Current version of this document (in English) is not up to date due to my time limitation. For the current functionality of the package, please consult the manual of the partial.plot
package in R. I hope I will update this document near future so please be patient. I’m sorry for your inconvenience
This package provides tools for visualizing a result of multivariate analyses. The goal of this package is providing a easy-to-use method to visualize results of many kinds of regression models. This package is still in development and may have bugs which can affect your interpretation of the results. Also I’m still designing the interface of the package so future version may lose some functionality in current version. If you find bugs or if you have any requests, please let me know by GitHub or email: paste following code into R to get my address: rawToChar(as.raw(c(109, 111, 103, 64, 102, 102, 112, 114, 105, 46, 97, 102, 102, 114, 99, 46, 103, 111, 46, 106, 112))).

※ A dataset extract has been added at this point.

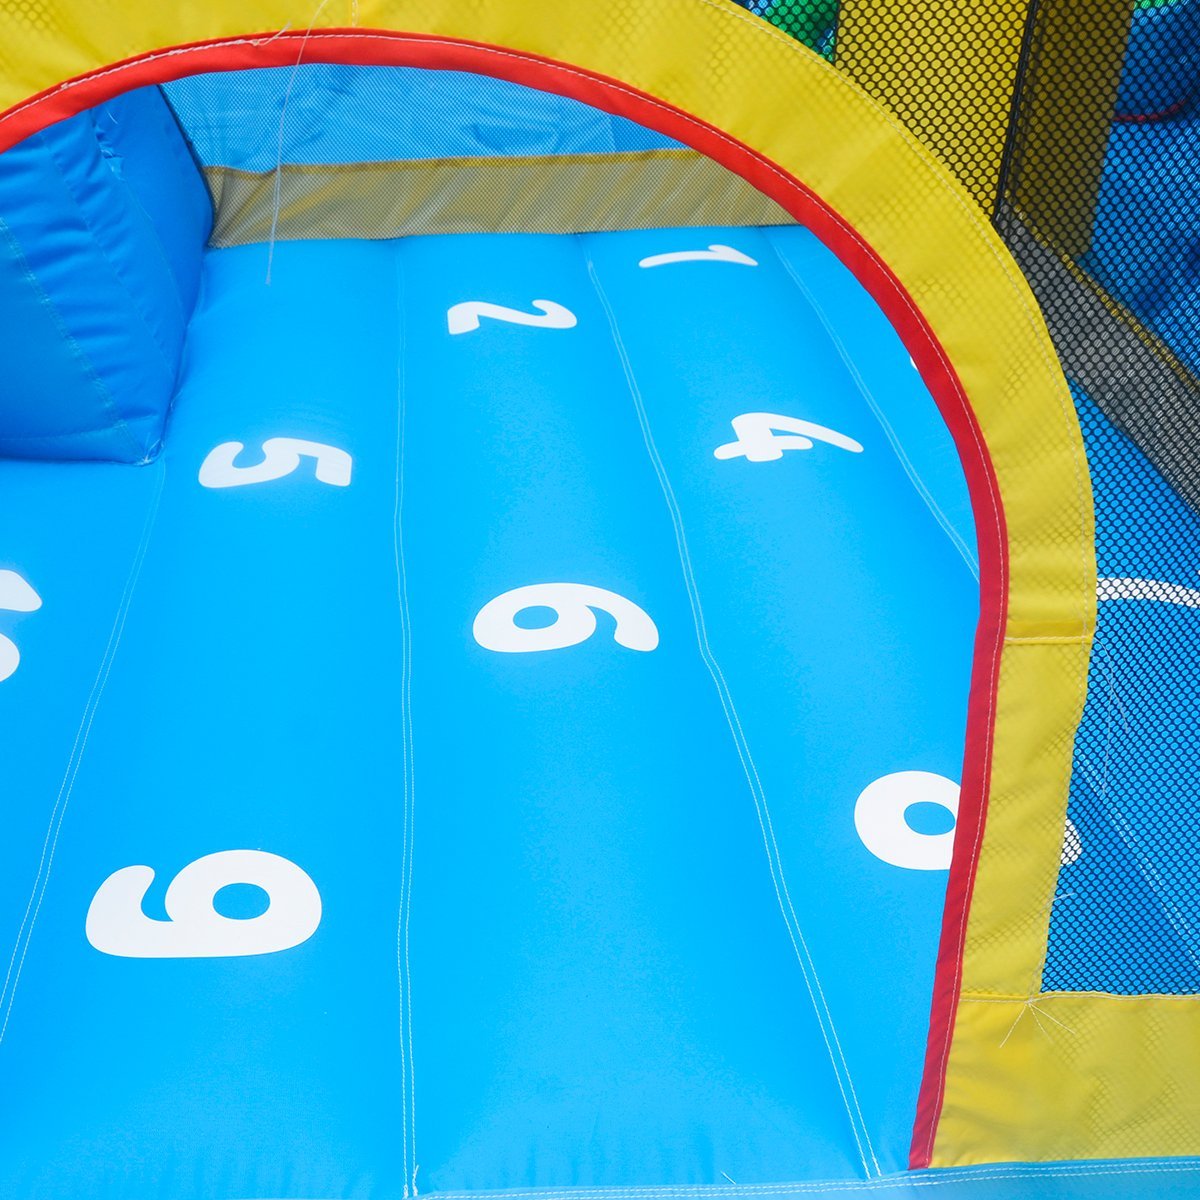 Lifespan Kids Bouncefort Plus Inflatable Castle

To install the package, just copy & paste following commands into the R console.
install.packages(
c("model.adapter", "partial.plot"), type = "source",
repos = c(
"http://florivory.net/R/repos", options()$repos
)
)
Try this one! You can also see the examples.
# Load dataset.
data(iris)
# Create a prediction model by GLM.
model <- glm(
Petal.Length ~ (Sepal.Length + Petal.Width) * Species, data = iris
)
# Load the library.
library(partial.plot)
# Draw relationship between sepal length and petal length.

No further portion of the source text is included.